Abstract 226P
Background
The pattern of metastatic spreading in luminal-like mBC is a current field of research, but few data are available on the evolution of distant involvement after first-line (1L). We aimed to describe the trend in metastatic sites after progression to a 1L.
Methods
The study retrospectively analysed 717 consecutive luminal-like mBC patients (pts) treated at the Oncology Departments of Aviano and Udine, in Italy, between 2008 and 2020, with endocrine therapy (ET) (alone or in combination with cyclin-dependent-kinases 4/6 inhibitors [CDK4/6i]) or chemotherapy (CT) (alone or with ET maintenance). Data were collected at baseline of 1L (BL1) and at progression (PD1). McNemar and Fisher tests were used to explore pairwise differences and associations between newly identified metastatic sites and 1L treatments.
Results
Overall, bone involvement was 71.2% at BL1 and 76.4% at PD1, lung metastasis (mts) was detected in 21.7% of pts at BL1 and in 32.3% at PD1, liver mts in 21.4% at BL1 and in 31.6% at PD1. Central nervous system (CNS) mts were detected in 2.4% of pts at BL1 and in 3.5% at PD1. In the overall population, at paired nominal data test, metastatic sites were consistently increased at PD1 (liver P < 0.0001, bone P = 0.0001, CNS P = 0.0039, bone-only P < 0.0001, lung P < 0.0001, nodes P < 0.0001), as expected. Notably, a similar trend was observed across all 1L treatments, apart for CNS mts in the ET cohort, bone and CNS in both the ET+CDK4/6i and CT subgroups, bone-only disease and CNS mts in CT-ET maintenance group where no significant pairwise changes were highlighted. Analysing newly identified metastatic sites at PD1, pts treated with ET+CDK4/6i had a higher risk of developing new CNS mts (P = 0.018, expected frequency [EF] 1.1 pts vs observed frequency [OF] 3 pts), while pts treated with CT-ET maintenance had a higher risk of developing new lymph node mts (P = 0.014, EF 32.5 pts vs OF 45 pts).
Conclusions
The present study suggested the potential impact of first-line treatment strategies on the evolution of metastatic spreading in luminal-like mBC. Based on these results, future studies will be designed to develop new personalized monitoring strategies.

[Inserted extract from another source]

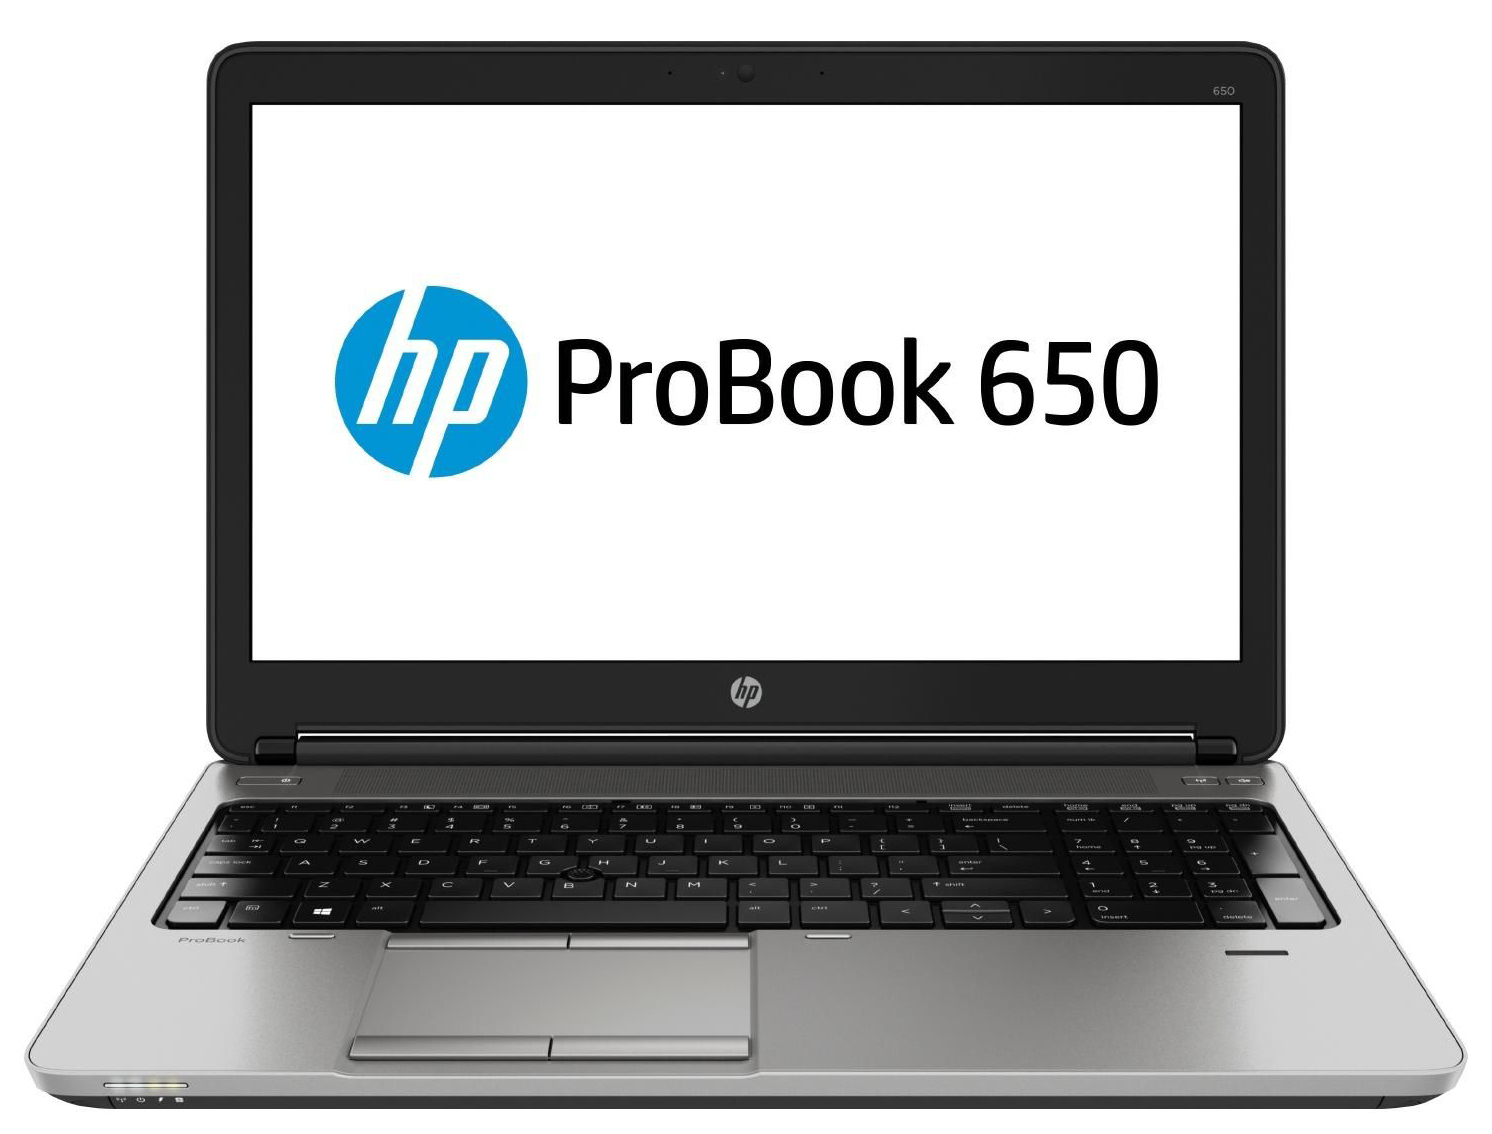 HP ProBook 650 Series - Notebookcheck.net External Reviews
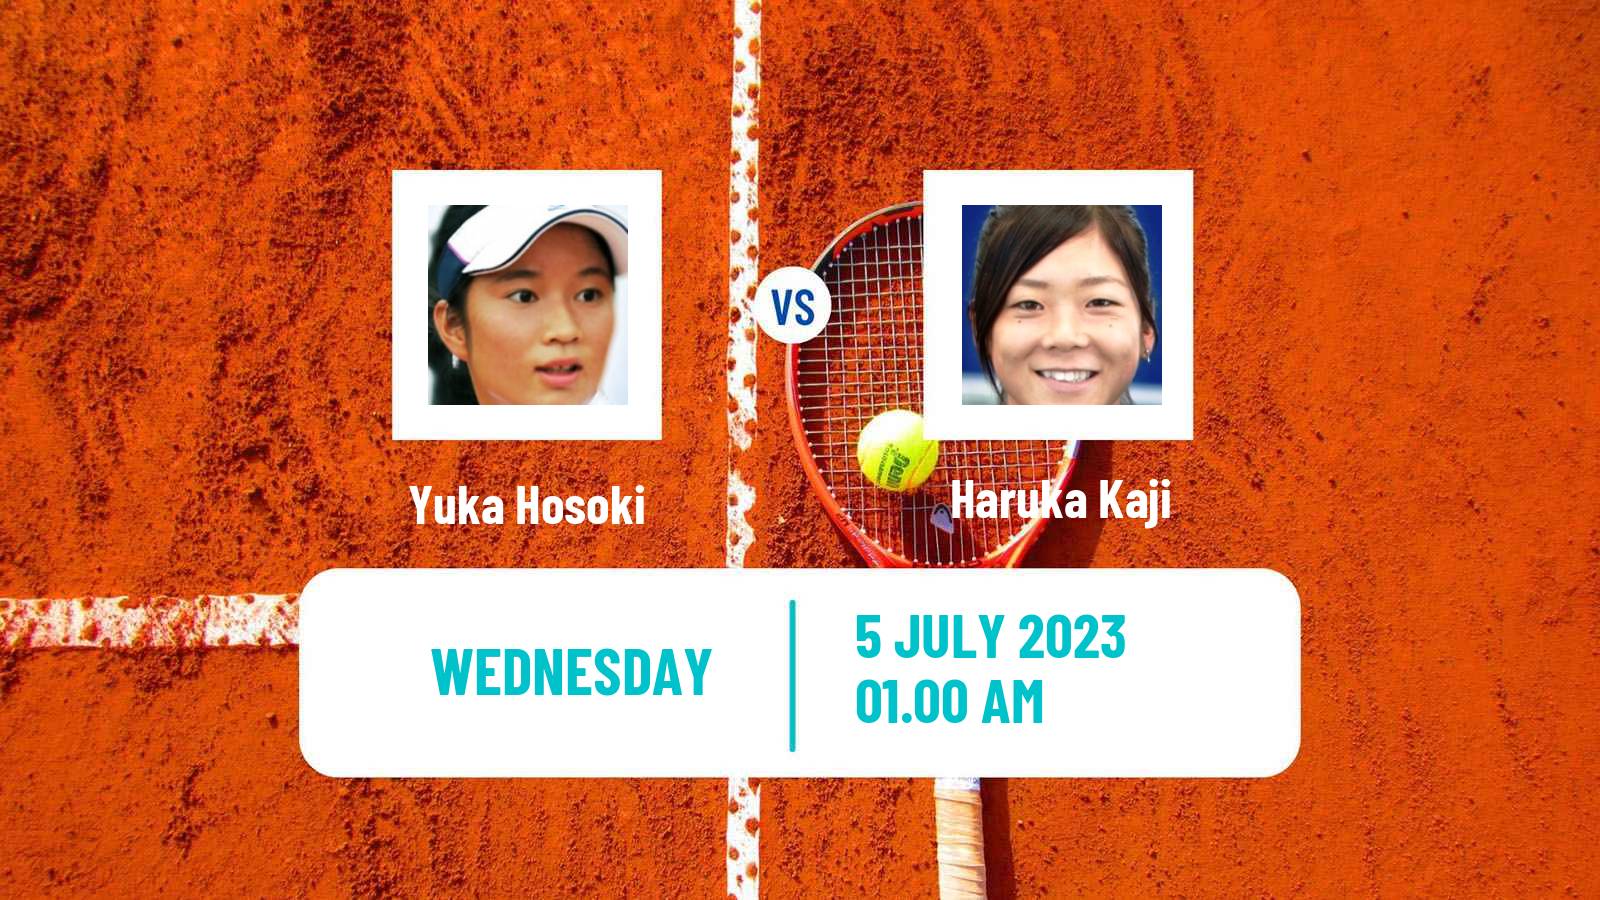 Tennis ITF W40 Hong Kong Women Yuka Hosoki - Haruka Kaji

Clinical trial identification
Editorial acknowledgement
Legal entity responsible for the study
The authors.
Funding
Has not received any funding.
Disclosure
A.M.M. Minisini: Other, Personal, Advisory Board: Novartis, MSD, Pierre-Fabre; Financial Interests, Personal, Other, honoraria: Novartis, Merck, MSD, Sunpharma, Pierre-Fabre. L. Gerratana: Other, Personal, Other, personal fees: Eli Lilly, Novartis. F. Puglisi: Financial Interests, Personal, Research Grant, grants/research: AstraZeneca, Eisai, Roche; Other, Personal, Other, honoraria or consultation fees: Amgen, AstraZeneca, Daichii Sankyo, Celgene, Eisai, Eli Lilly, Gilead, GSK, Ipsen, MSD, Novartis, Pierre-Fabre, Pfizer, Roche, Seagen, Takeda, Viatris. All other authors have declared no conflicts of interest.